6. The device of claim 1 further comprising a plurality of acoustic reflectors disposed in a path of the US signal, the US signal reflected towards an imaging target based on an aggregate angular orientation of the plurality of acoustic reflectors.

7. The device of claim 1 wherein the acoustic emitter further comprises an array of one or more transducer elements, each of the transducer elements configured to send and receive an acoustic signal, wherein a received acoustic signal is indicative of an imaged feature.

8. The device of claim 1 wherein the acoustic reflector is transparent to optical signals, further comprising an optical medium projecting optical signals through the acoustic reflector.

9. A method of gathering an ultrasound (US) image, comprising:

orienting an ultrasound emitter adjacent an imaged feature in an imaging region, the orientation unaligned with an emission trajectory of an US signal from the ultrasound emitter;

disposing an acoustic reflector in the emission trajectory of ultrasound emitter, the acoustic reflector oriented at an angle based on the imaged feature;

applying a nonliquid acoustic medium between the ultrasound emitter and the acoustic reflector; and

redirecting the US signal from the ultrasound emitter to the imaged feature via reflection from the acoustic reflector.

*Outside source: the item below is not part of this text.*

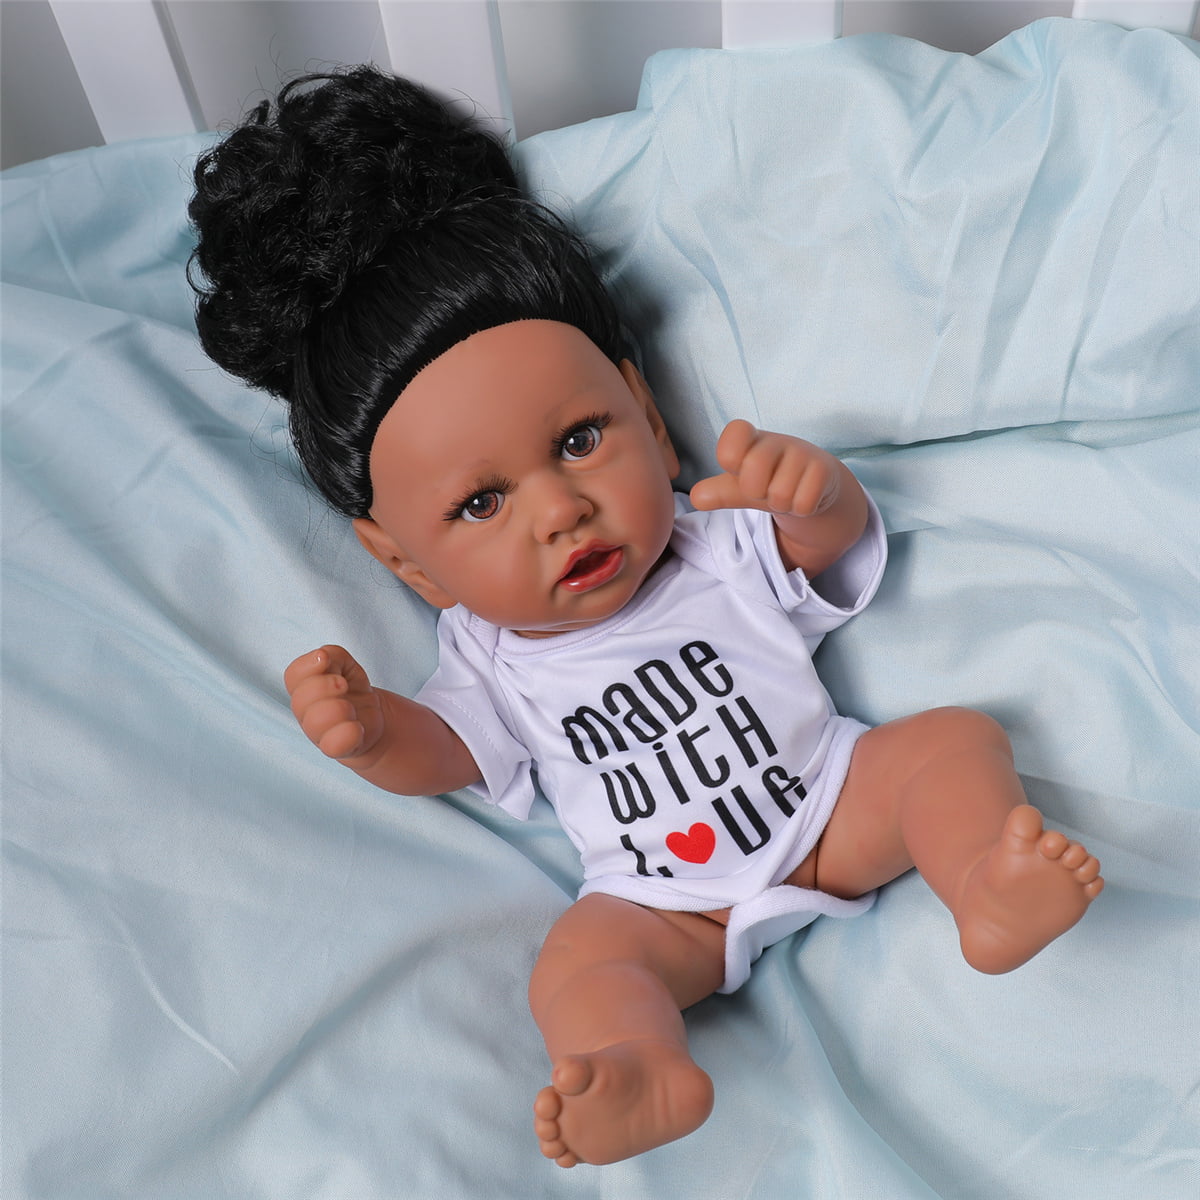 Full Vinyl Silicone Reborn African American Dolls Lifelike Boy Doll Newborn Baby

10. The method of claim 9 further comprising:

placing the ultrasound emitter on a sensing surface, the sensing surface obscuring the imaged feature;

applying the acoustic medium in communication with the ultrasound emitter, the acoustic reflector and the sensing surface; and

transmitting the US signal from the ultrasound emitter to the acoustic reflector, and from the acoustic reflector to the sensing surface through the acoustic medium.

11. The method of claim 9 wherein the ultrasound emitter is an ultrasound array of one or more ultrasound transducers.

12. The method of claim 9 wherein the acoustic medium is selected from the group consisting of gelatin, agarose, and gel wax.